Re:Evidence is already out there (1)

MobyDisk (75490) | more than 7 years ago | (#20470141)

Just curious, but what is extreme network neutrality?

EXTREME Neutrality (4, Funny)

Kadin2048 (468275) | more than 7 years ago | (#20470203)

Just curious, but what is extreme network neutrality?
Network neutrality, enforced by roving bands of ninjas.

Re:EXTREME Neutrality (2, Funny)

poetmatt (793785) | more than 7 years ago | (#20470465)

wait though....this is like microscopic/hacking, so wouldn't it be minjas? [youtube.com]

Re:Evidence is already out there (1)

poetmatt (793785) | more than 7 years ago | (#20470353)

forcing ALL packets to be handled equally would be extreme. It just doesn't work that way. Nor does it work if you are not forcing most packets to be treated equally. VOIP needs it, games need it, low bandwith applications do not. There is a need for QOS for certain thing but only when the bandwith is low/slow.

It didn't escape attention on Slashdot! (3, Informative)

Cheesey (70139) | more than 7 years ago | (#20469869)

Last time this piece of news was discussed [slashdot.org] , someone helpfully posted a solution [slashdot.org] for your Linux firewall.

read the rest of that thread (2, Informative)

Kadin2048 (468275) | more than 7 years ago | (#20470313)

That solution as written doesn't work [slashdot.org] , and even if it did, might still screw up the connection [slashdot.org] (because you want to un-set the RST flag, not throw away the whole packet). Also, some people have indicated that Comcast is doing more than just forging RSTs, they are also eating packets along the way [slashdot.org] , so it's not a silver bullet.

Even worse, these packets count towards your cap (1, Insightful)

Anonymous Coward | more than 7 years ago | (#20469901)

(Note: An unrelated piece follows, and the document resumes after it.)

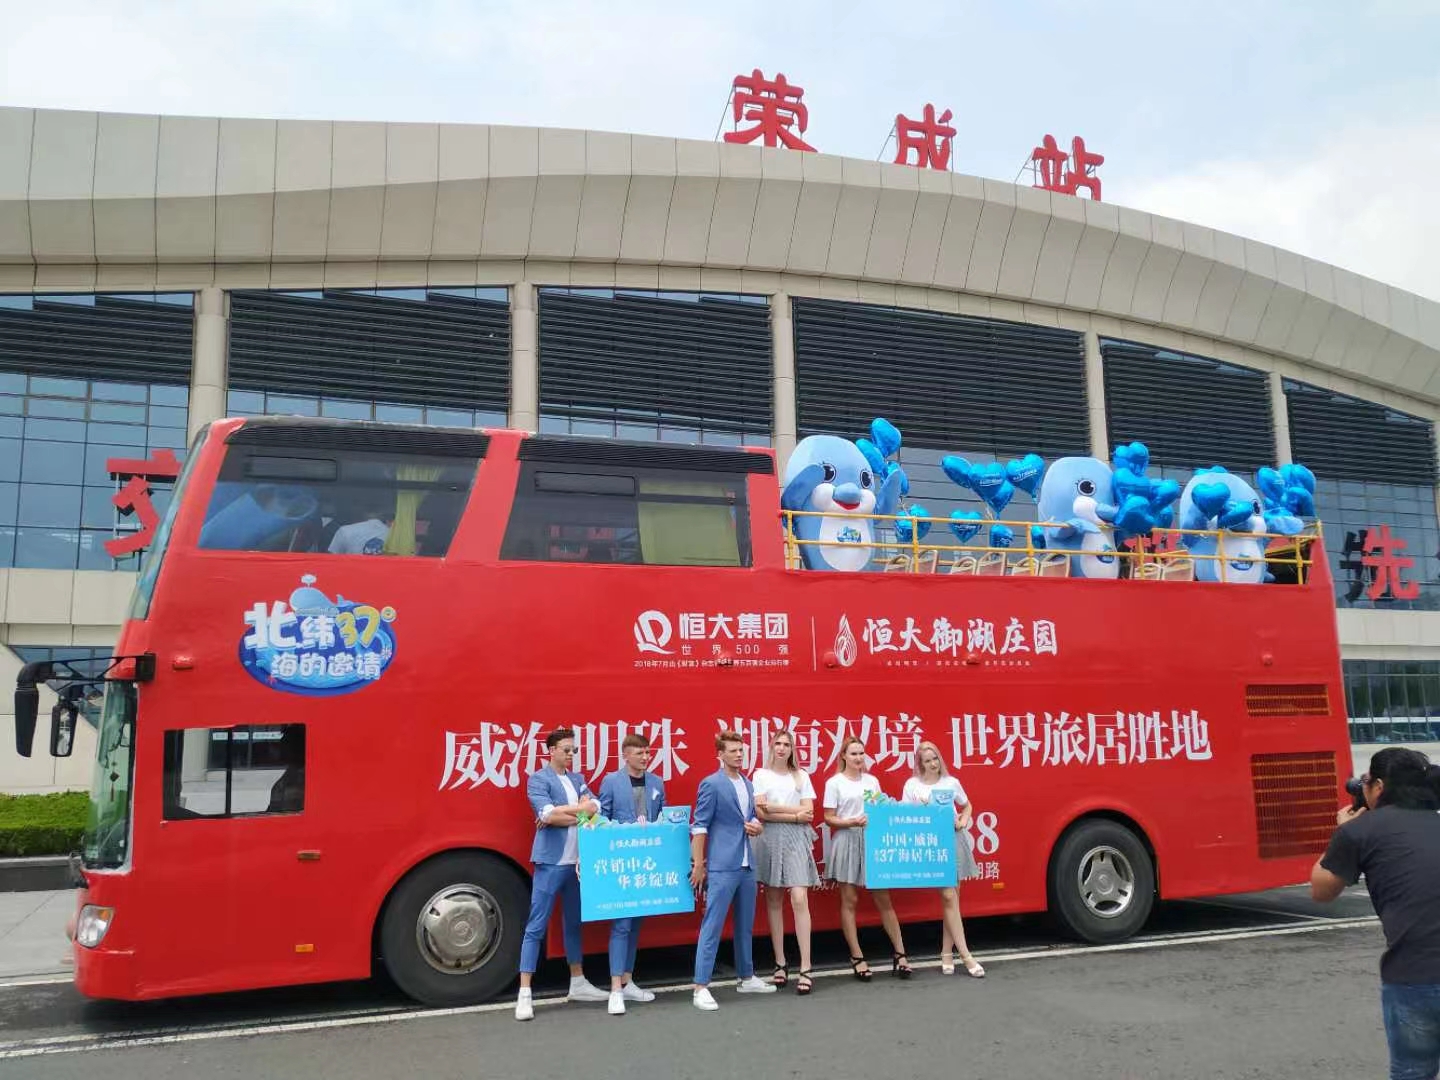 2020年10月2号到3号，安徽良友双层敞篷巡游巴士来到安徽省滁州市

Causing you to get TOSed earlier.

It's Not A Crime.... (1, Informative)

asphaltjesus (978804) | more than 7 years ago | (#20469905)

If no one prosecutes.

This one stands an extremely low probability of actually improving comcast's service from a consumer-geek perspective. Quick and dirty reasons why:

1. Comcast is in up to their necks with municipal politicians. They need campaign contributions from Comcast.
2. Comcast is in up to their necks with state politicians too.
3. What's the penalty here? Certainly not meaningful enough to warrant the expense of a trial.
4. Since when do consumers Comcast's terms of service? They'll spew the usual free-market pablum as a polite way to tell unhappy customers to go elsewhere. Except they know there may be no elsewhere in many cases.... Not their problem.

For everyone that refuses to believe nothing will come of it, who's going to pay the law firm to drag Comcast into court on a state-by-state basis?

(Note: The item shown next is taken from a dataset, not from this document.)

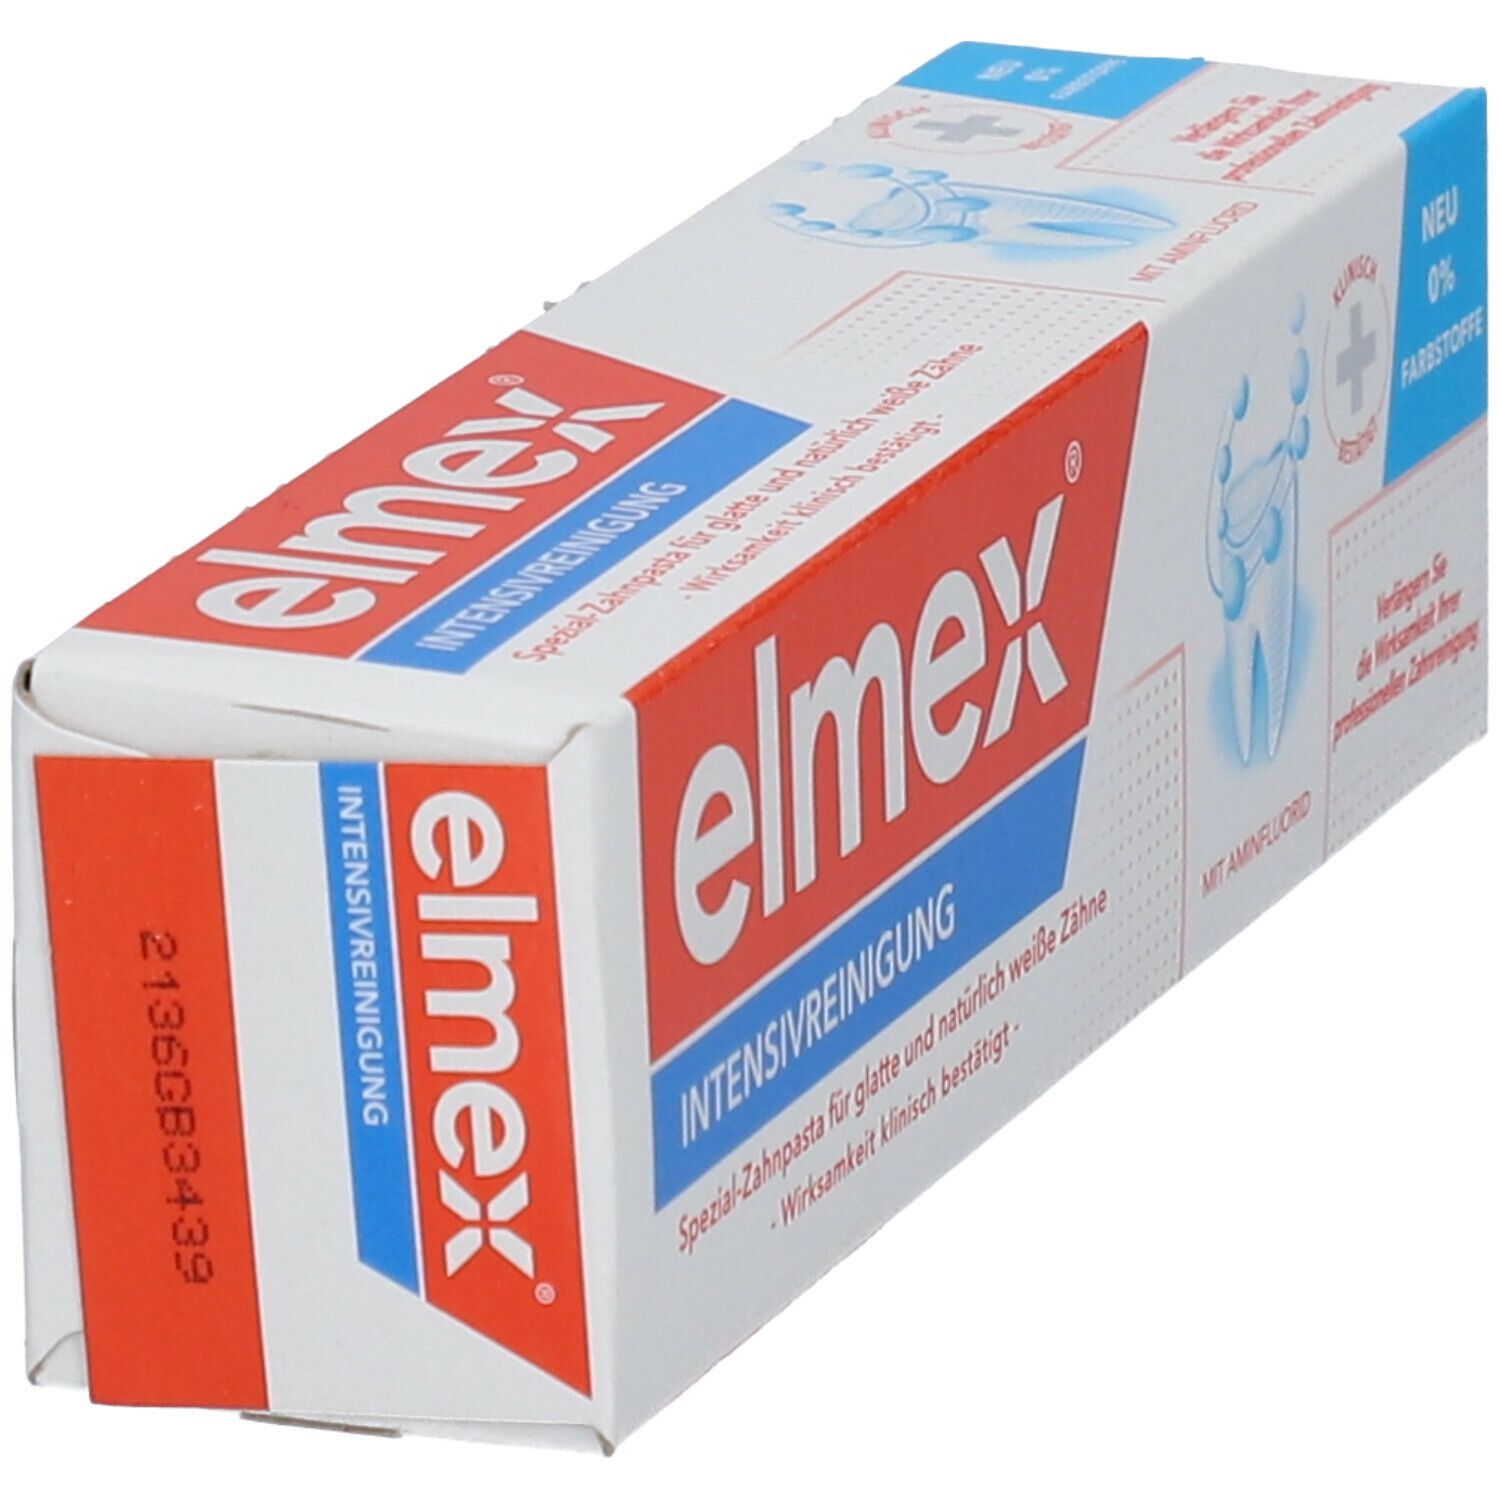 elmex Intensivreinigung Spezialzahnpasta

Re:It's Not A Crime.... (1)

BosstonesOwn (794949) | more than 7 years ago | (#20470075)

http://en.wikipedia.org/wiki/Class_action#United_S tates [wikipedia.org]

Looks like most attorneys would take it just drooling at the amount of money they could make on a settlement. My take from this is that no one pays and the lawyers rakes in the cash if they win it. If not they are out some time.

But, this is awsome (2, Funny)

iONiUM (530420) | more than 7 years ago | (#20469923)

I'm so glad I live in Canada.

Net Neutrality (0)

Anonymous Coward | more than 7 years ago | (#20469931)

Of course, net neutrality is the golden solution to everything in the world. But i wouldn't expect it until we move to an open source government [wikipedia.org] .

Good heavens... (2, Insightful)

Otter (3800) | more than 7 years ago | (#20469933)

...forging data to and from customers is a big no-no...

I realize that to the nerdish mind falsifying the sender of an IP packet is equivalent to "impersonating another", but no sane prosecutor would ever make such a case.

MOD PARENT UP (1)

Bryan Ischo (893) | more than 7 years ago | (#20470197)

I agree. This is exactly what I thought when I read the article submitter's summary. If I had mod points I would mod you up.

Re:Good heavens... (0)

Anonymous Coward | more than 7 years ago | (#20470199)

And yet, the RIAA makes the very similar claim that the destination IP address corresponds to a flesh-and-blood person.

Re:Good heavens... (1)

Opportunist (166417) | more than 7 years ago | (#20470309)

Show me a prosecutor who knows a thing about TCP/IP and isn't just listening to the first person talking to him and we'll talk.

Re:Good heavens... (1)

dnebin (594347) | more than 7 years ago | (#20470325)

There's no data impersonation at all. You merely receive a packet indicating reset and start over wrt tcp send/receive communication streams. You're not getting any data from the original host, nothing is being tampered with...

The thing to remember is that you signed a contract with Comcast at the start of your cable net access. Unless there is something in there that indicates they cannot or will not do such a thing, then you've already agreed that they can do it.

Re:Good heavens... (1)

Invidious (106932) | more than 7 years ago | (#20470603)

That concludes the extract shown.